The dilemma in Blowup was solipsistic; reality can’t be perceived, not because the medium failed, but because all experience is fundamentally subjective. In Haskell Wexler’s Medium Cool (1969), the dilemma appears to be systemic; we don’t get the truth because the Man is fucking us over. At first, the protagonist, a TV cameraman, seems to be the model of objective journalism demanded by the then-vital cinema verité movement practiced, to a fault, by Richard Leacock and D.A. Pennebaker. The film opens as he and his soundman coldly record a still-breathing accident victim and then, almost as an afterthought, call for an ambulance.
Human feelings and insidious politics, however, complicate the cameraman’s ideals. He learns that the station he works for has handed over his film to an FBI investigation. But his outrage over this palls before the collective anger surging from the 1968 Democratic National Convention, which he is covering. The real Democratic National Convention, that is — Wexler shot his film in the midst of the actual events. The bloody clashes between police and demonstrators in the streets — broadcast live across the country on TV — cooperated with Wexler’s script to create one of the more amazing achievements in American cinema.
Medium Cool explores such issues as the conflicts between power and truth, responsibility and exploitation in the TV-news medium. (The title refers to McLuhan’s categorization of television as a “cool” medium, that is, one that is “high in participation . . . by the audience” — a notion that might puzzle the parents of children hypnotized in front of the tube.) It can serve on one level as a rallying cry against the monopoly of media by the establishment.

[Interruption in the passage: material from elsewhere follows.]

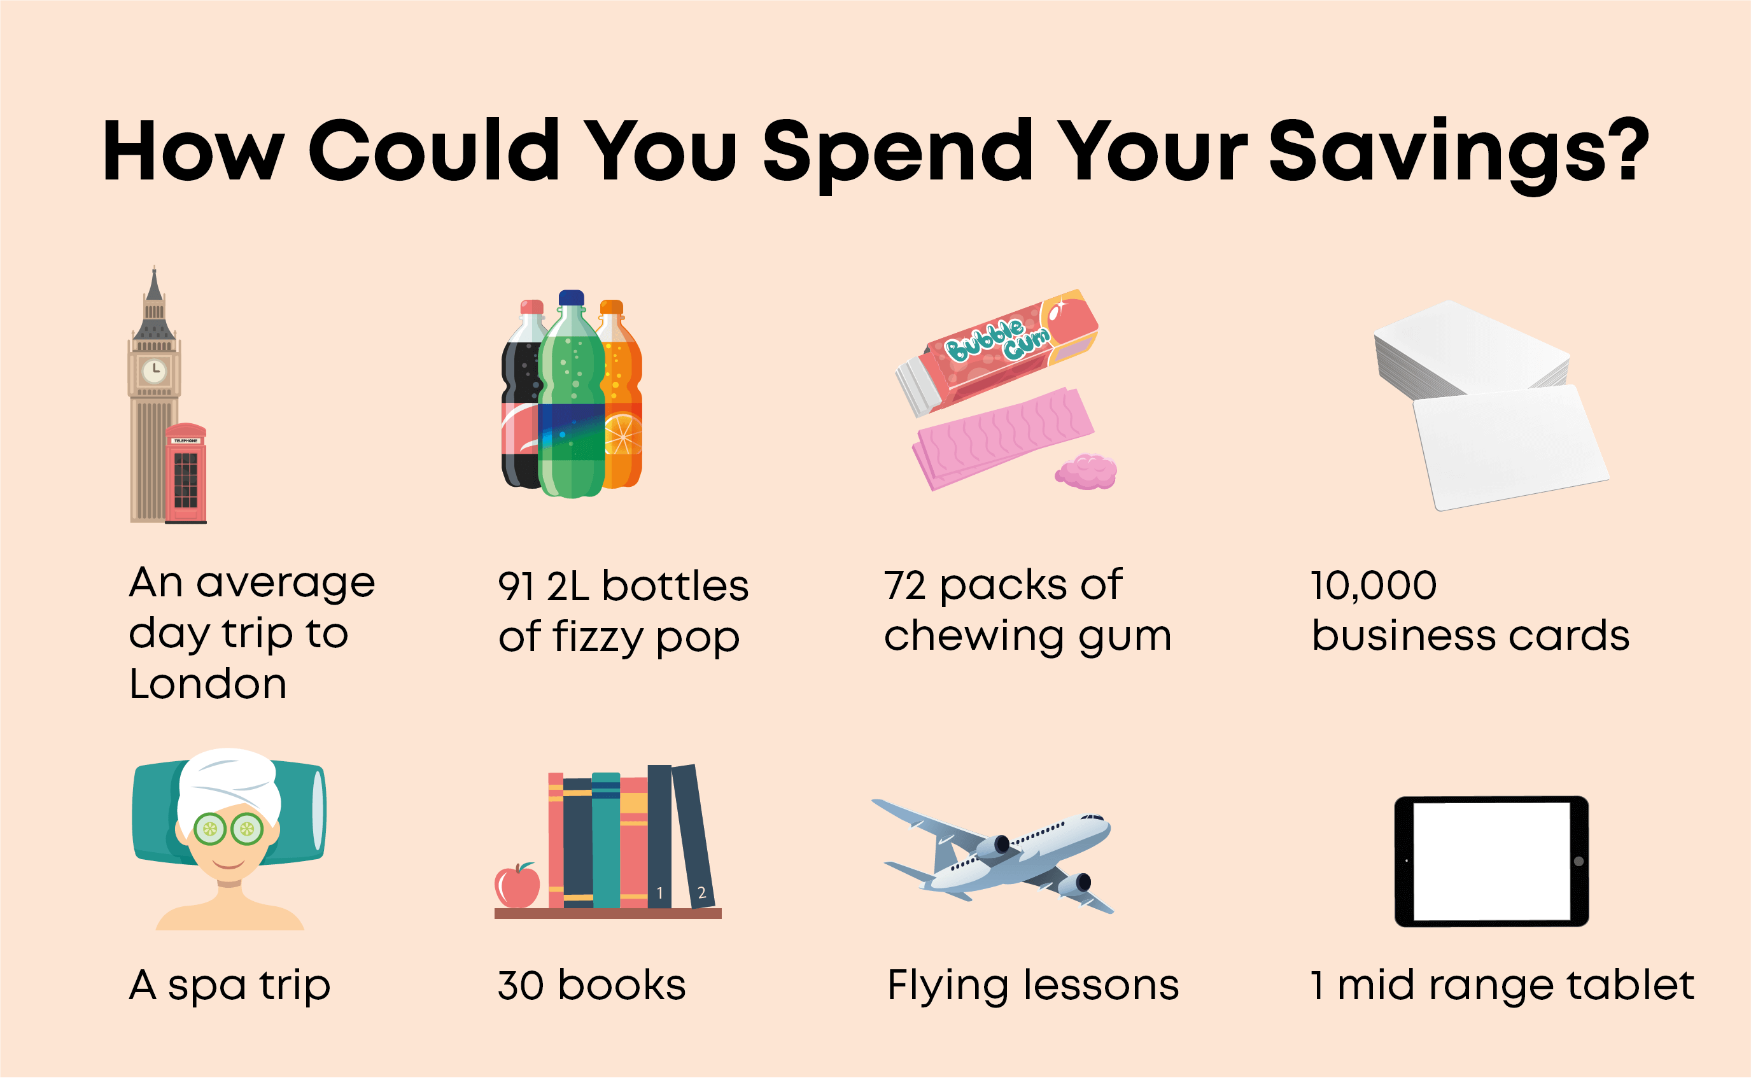 infographic showing different ways to spend £182

But in the end, Medium Cool falls into the same navel-gazing trap that ensnared Blowup. What most people remember about the film is the line “Look out, Haskell, it’s real!” overheard as Wexler films a National Guardsman discharging a tear-gas canister in his direction. (Ironically, the line was added to the film during editing, compounding the murky interrelation of fiction and reality.) People also remember the concluding sequence, an inversion of its opening, and the infamous final shot that holds a mirror, or rather a camera, up to the artifice.

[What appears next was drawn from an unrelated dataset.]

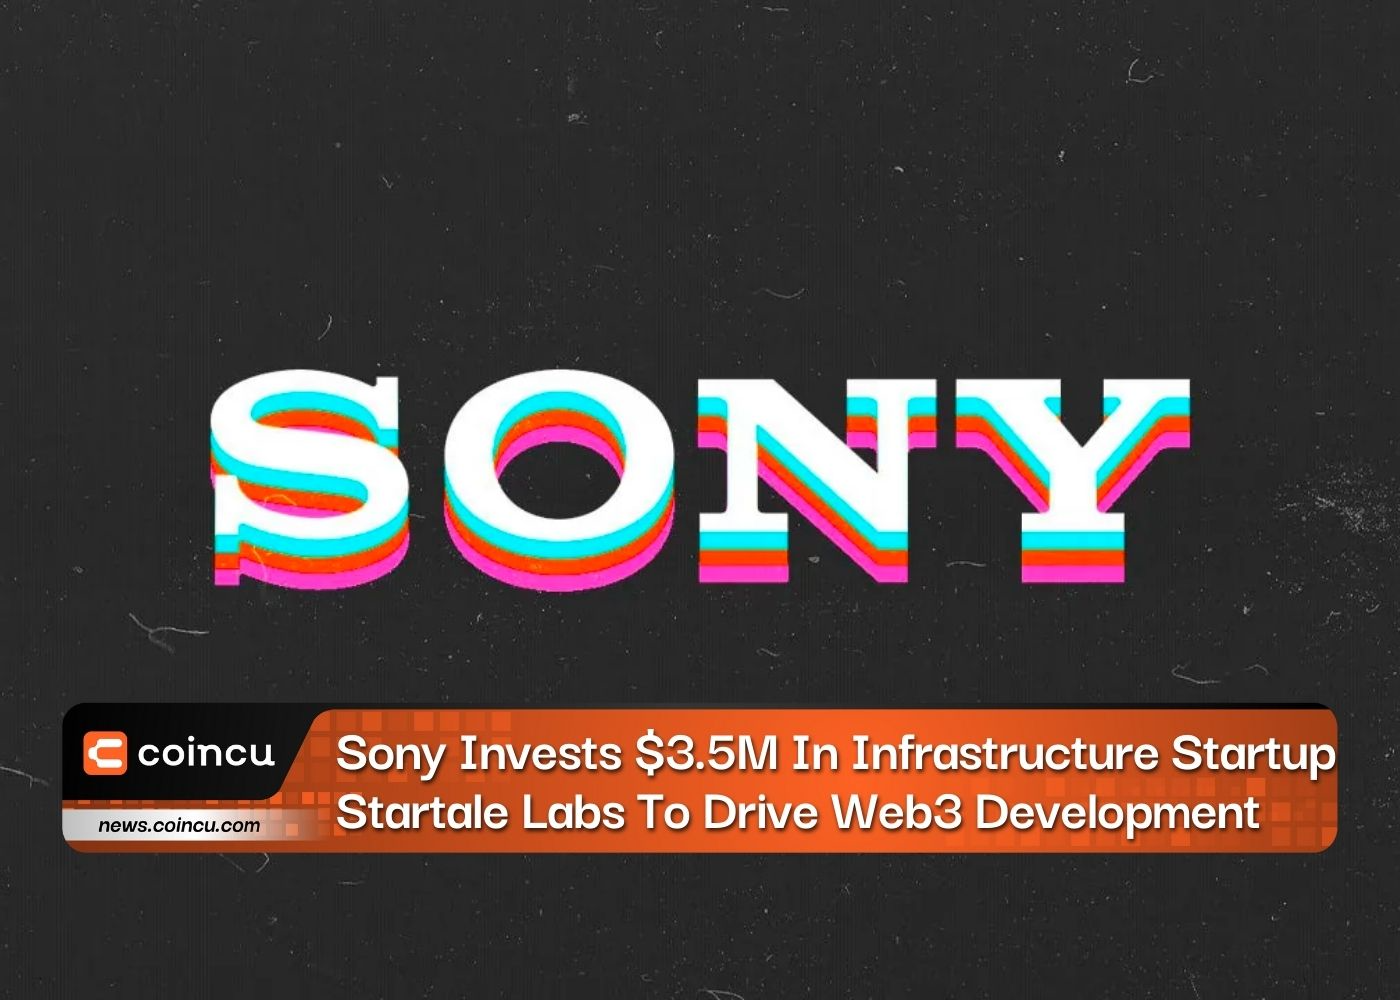 Sony Invests $3.5M In Infrastructure Startup Startale Labs To Drive Web3 Development

As the credits roll, the demonstrators chant on the soundtrack, “The whole world is watching!” But watching what?
Rashomon to judgment
Medium Cool left documentarians with a mixed legacy: is the camera a tool for liberation or a mirror of the filmmaker’s subjectivity? But some of what Wexler left behind proved to be of great practical value for at least one filmmaker. Cinema verité filmmaker that he was, Wexler shot reels of footage of the chaotic events in Chicago, an archival boon 40 years later to Brett Morgen when he made Chicago 10 (2008), his documentary about the 1968 demonstrations and the equally dramatic show trial of the activist leaders that followed.